Angriff: "Du bist doch schwul!" Schlagfertigkeit: "Deiner Wahrnehmungsstörung geht's gut? Wundervoll!"Was macht der Angreifer (aus Sicht des Angegriffenen)? Auf der Sachebene sagt er, dass der andere schwul sei. Ginge es nur um die Sachebene, wäre die Aussage kein Angriff, sondern so lapidar, wie, dass es hell ist, wenn die Sonne scheint. Die Selbstoffenbarung bleibt unklar. Nehmen wir aber an, dass die Worte abfällig geäußert worden sind, dann ist (relativ) klar, dass 1.) der Angreifer heterosexuell ist und 2.) Schwule nicht mag. Trotzdem versorgt hier schon eine gewisse Unentschiedenheit für eine Machtposition ("Wir müssen über dich reden, nicht über mich, denn du bist problematisch, und nicht ich!"). Das ist dann zugleich die Beziehungsebene. Der Appell kann sehr unterschiedlich gewertet werden. Sehr pauschal könnte man sagen: "Los, nimm dieses Etikett auf dich." Und was macht der Angegriffene? Zunächst weicht er einer Bestätigung der Sachebene aus. Er refokussiert das Thema. Mit dem Nicht-bestätigen-wollen der Sachebene wird auch der Appell ausgehebelt. Und die Selbstoffenbarung wirkt beim Angegriffenen zunächst genauso undeutlich wie beim Angreifer, aber sagen wir mal: "Das interessiert mich doch einen Dreck, was du denkst!". Die Selbstoffenbarung demonstriert Unabhängigkeit. Damit wird auch die Beziehung, die der Angreifer anbietet, gekippt. Fassen wir zusammen.
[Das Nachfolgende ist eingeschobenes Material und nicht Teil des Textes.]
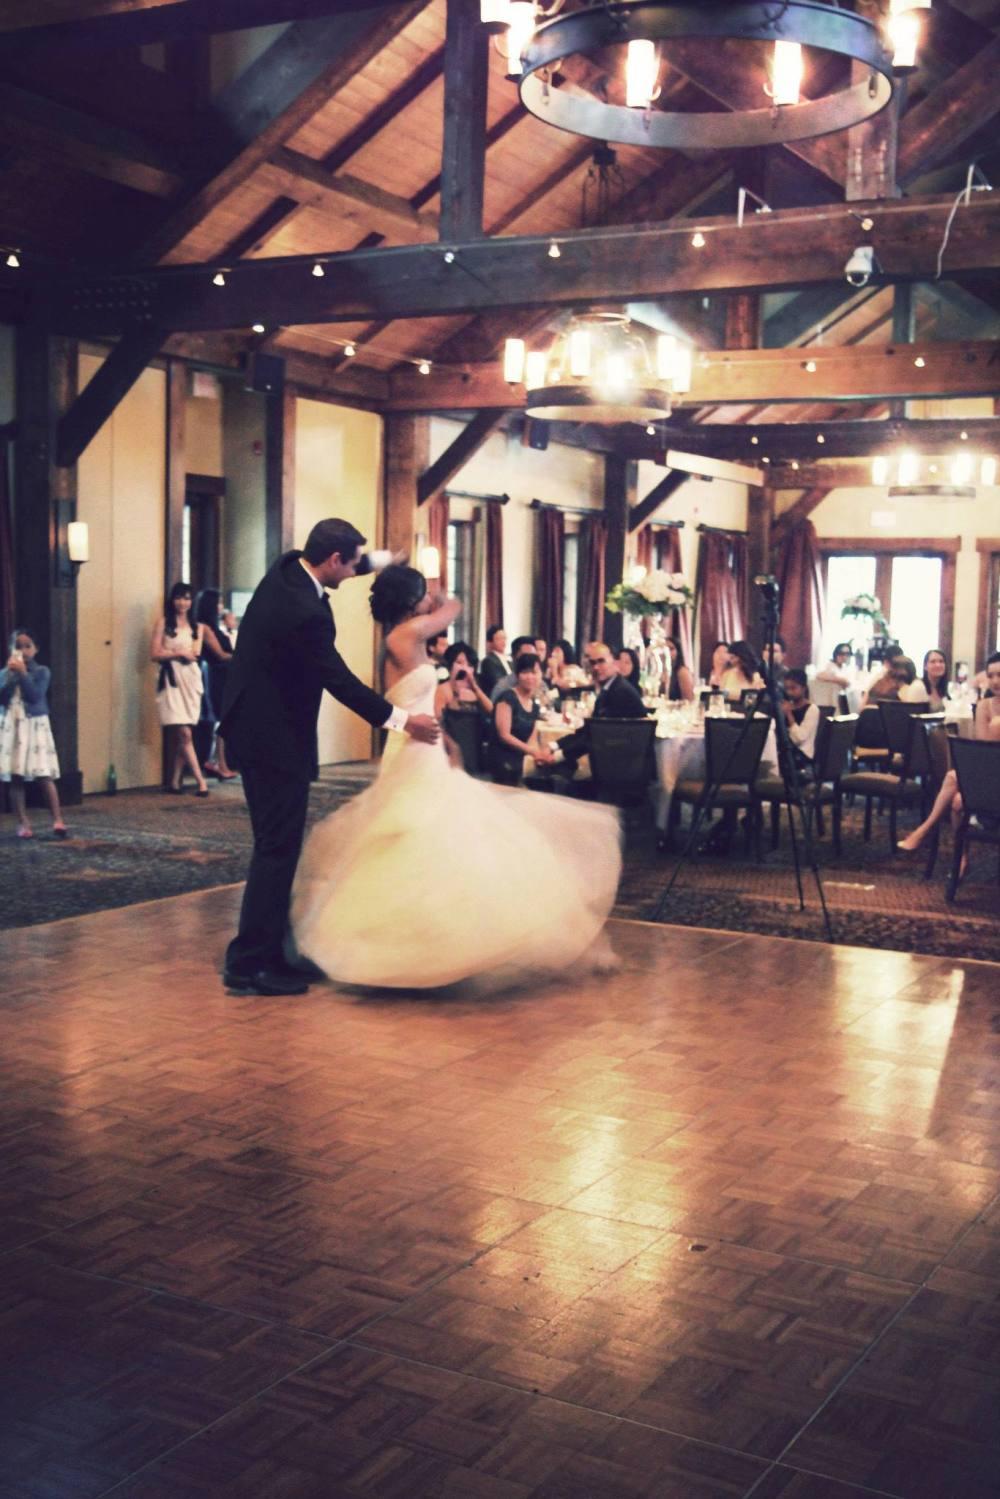 Soundslikeknock first wedding dance photo

Schlagfertigkeit ist hier:
- in der Selbstoffenbarung Unabhängigkeit demonstrieren;
- auf der Sachebene Nicht-Bestätigung;
- >Aushebeln des Appells durch technisches oder kreatives Ausweichen;
- Umdrehen der Hierarchie auf der Beziehungsebene.
- Eine offene Frage mit einer halboffenen Frage (ein neues Thema setzen und nach der Modalität fragen) kontern.
- Stell eine rhetorische Frage, fingiere dazu eine (ungehörte) Reaktion und lobe diese Reaktion.
- Selbstoffenbarung: "Ich bin unabhängig!"
- Beziehungsebene: "Ich stehe über dir!" (Hierarchie umdrehen) oder "Du kannst mir nicht mit deiner Hierarchie!" (Hierarchie ausbremsen)
Schlussfolgerung
So wichtig das Einüben ist, das Pöhm anmahnt, so fruchtbar ist das Durcharbeiten anhand eines Modells. Abgesehen vom Einarbeiten, das mir sehr viel Spaß gemacht hat, fand ich die Arbeit mit dem KQ sehr erhellend. Mit dem Programm free-mind habe ich mittlerweile eine Umsortierung der Schlagfertigkeitsmuster vorgenommen. Diese ist noch nicht fertig und wie ich mich kenne, wird sie auch nie fertig (es sei denn, jemand bietet mir viel Geld dafür). Aber auch das gehört (für mich) dazu. Das Modell, das Herr Pöhm im Kopf hat, ist das Modell das Herr Pöhm im Kopf hat. Ich muss mir mein eigenes Modell machen, und das geht nur durch vielfältige Arbeitstechniken. Nur so kann aus einem Sprechen über (die Metakommunikation) ein Bereit- sein für (die Metaordnung) werden.